I actually have enjoyed all my classes so far, except for the Spanish. I’ve been learning Spanish for a few months and my class has been learning for 2 years, so they’re obviously way ahead of me.
Other than that, yesterday was good.
Today was interesting. I had first two periods English and I really like the class so far.
We’re doing a unit on friendship and why it’s important. The teacher had passed out a magazine article that was split into four sections. Each section asked a particular question about friendship and we were told to highlight the key words of each section. I was finished a full 10 minutes before the rest of the class, so I took out my little notebook that I write my in-school diary in. I did this all of last year and I firmly believe that it is the reason I am still sane.
I’m also planning on keeping these forever so that one day when I grow up I will find them packed away in a box in my attic and I will read them to all of my friends and I will be so embarrassed at what an idiot I was when I was a teenager and it will be hilarious.
This is the only thing that I’ve planned about my future at all. I don’t even know what continent I’m planning on living on. I do have it narrowed down to two though, so that’s pretty good progress.

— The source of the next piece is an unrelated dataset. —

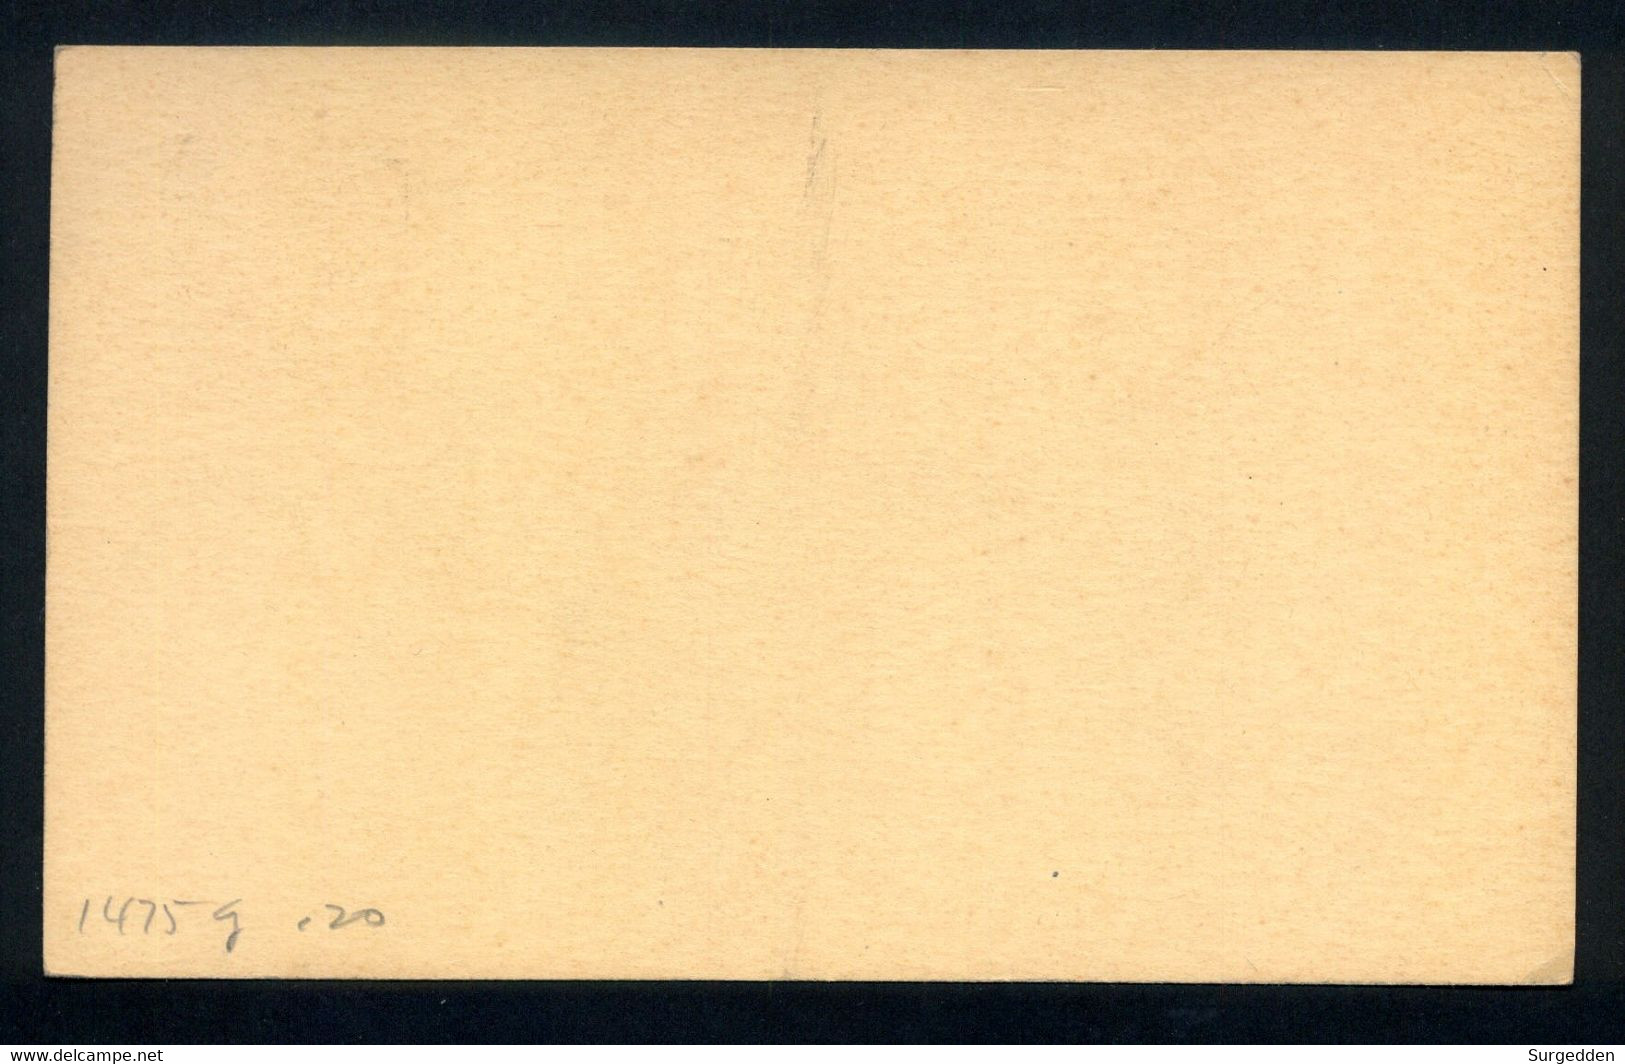 Post Card, Canada Ca. 1900 - 1903-1954 Könige

Anyway, I got it out and started writing in it as the teacher started passing out the next worksheet. When he got to me he attempted to subtly read over my shoulder in the most non-subtle way known to man. So I closed the book and stared at the wall until he left.
The worksheet wanted you to summarize what the article was saying and then give your own opinion about the topics.

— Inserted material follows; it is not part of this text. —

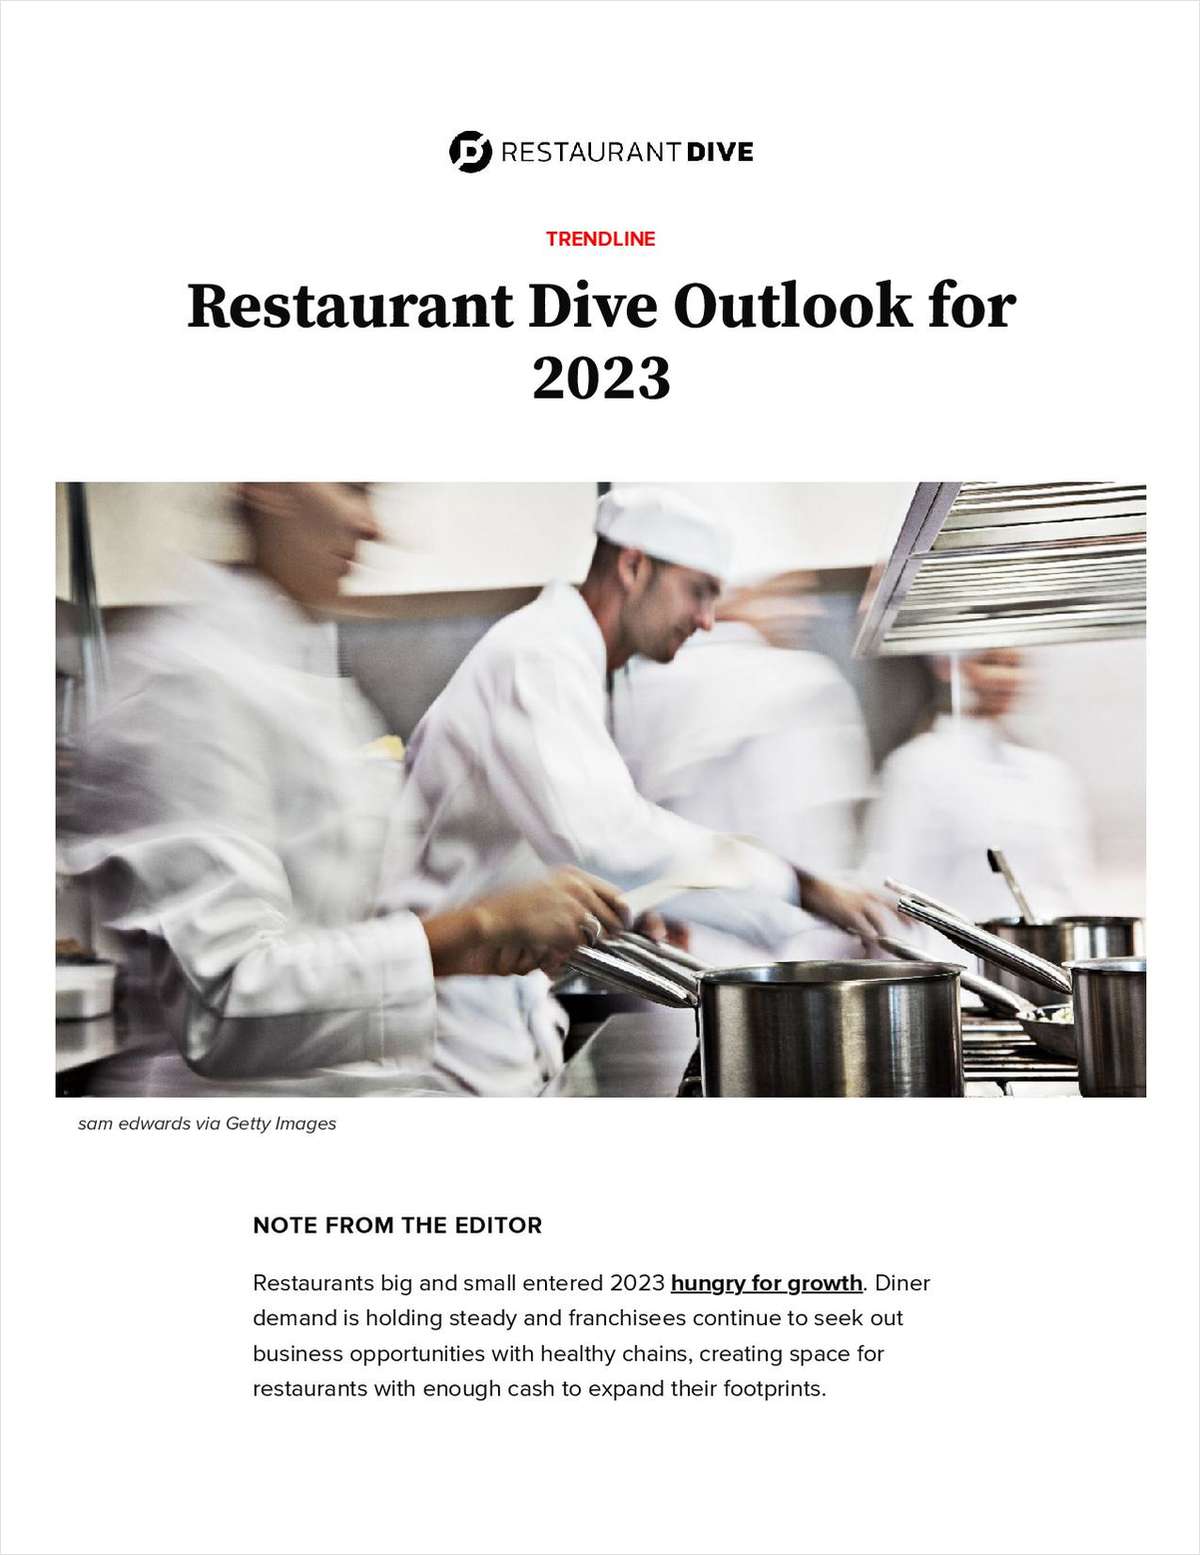 Restaurant Dive Outlook for 2023

I’m pretty sure I finished that first as well, so I started writing again. He came over and proofread it and there were a couple of places he wanted me to give more information, so I did that and went back to my writing. I did that for about 10 or 15 minutes until the last people finished up. Then he passed one more sheet out. It was a fill-in-the-blank about the article we had read, but it was pretty hard. I finished it and then glanced over to see that the boy next to me was on the first word and that the girls in front of me were on the second. Then one of the girls raised her hand and asked how to spell the word “reciprocate.”

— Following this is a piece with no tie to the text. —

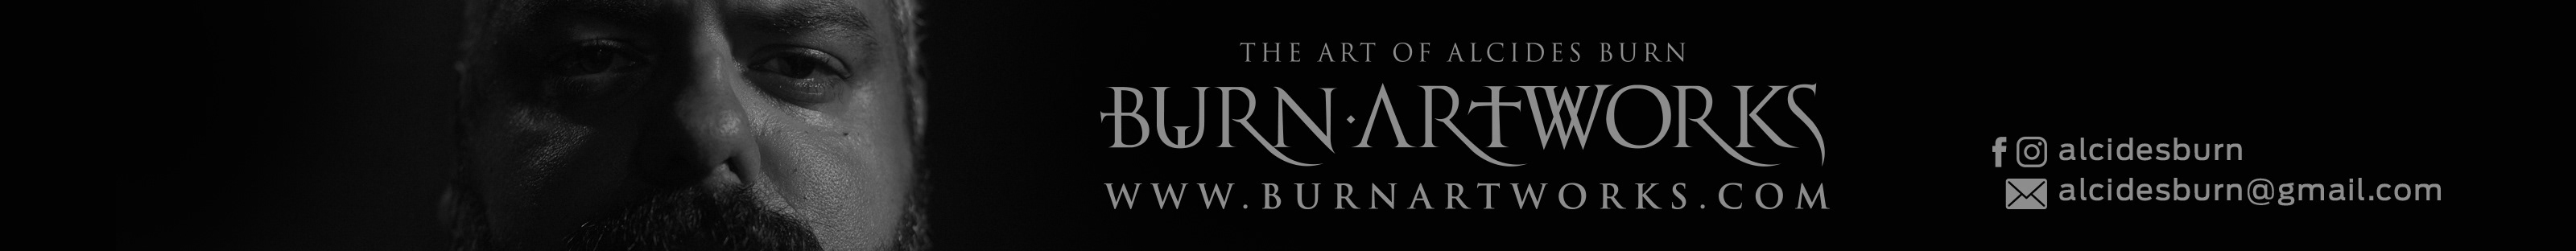 Alcides Burn's profile banner

The teacher wrote “recipricate” up on the board and everyone continued with the handout.
This gave me agita, but again, I took out my notebook and started writing. Then the teacher came over again. He crouched down, but before he could say anything I said, “Uhm. Isn’t “reciprocate” spelled with an “o?” He stood up, looked at it, and said, “An “o?” Where?” Then I said, “Uh. R-E-C-I-P-R-O-C-A-T-E?”
He looked at me and said, “No. I don’t think so.”
So, instead of dropping it, I got my dictionary out. It’s because I knew I was right. I looked it up and sure enough, “reciprocate.”
I showed him and he looked shocked, but he went up to the board and corrected it.
He didn’t seem offended or anything, which I guess is one of the signs of a good teacher.
I thought he was gone for good, but he came back and asked me what I was writing. I couldn’t bring myself to say “a diary,” so I just handed him my finished worksheet and as soon as he glanced over it he stood up and told me to follow him.
He took me over to his desk and showed me a painting on his computer. He told me that he wanted me to describe it to the class in as much detail as I could when they finished the last worksheet.
He then let me awkwardly stand at the front of the class for about 10 minutes, giving no explanation to the rest of the kids.
After this experience, I am almost positive that I have been (probably correctly) labeled as the intelligent one who is somewhat socially challenged and secretive. As well as sarcastic and back-talky.
I’m slightly concerned about the rest of my classes with him, but I think it should be OK.
I just wonder how many lectures about being social and so on I’ll get from him by the end of the year.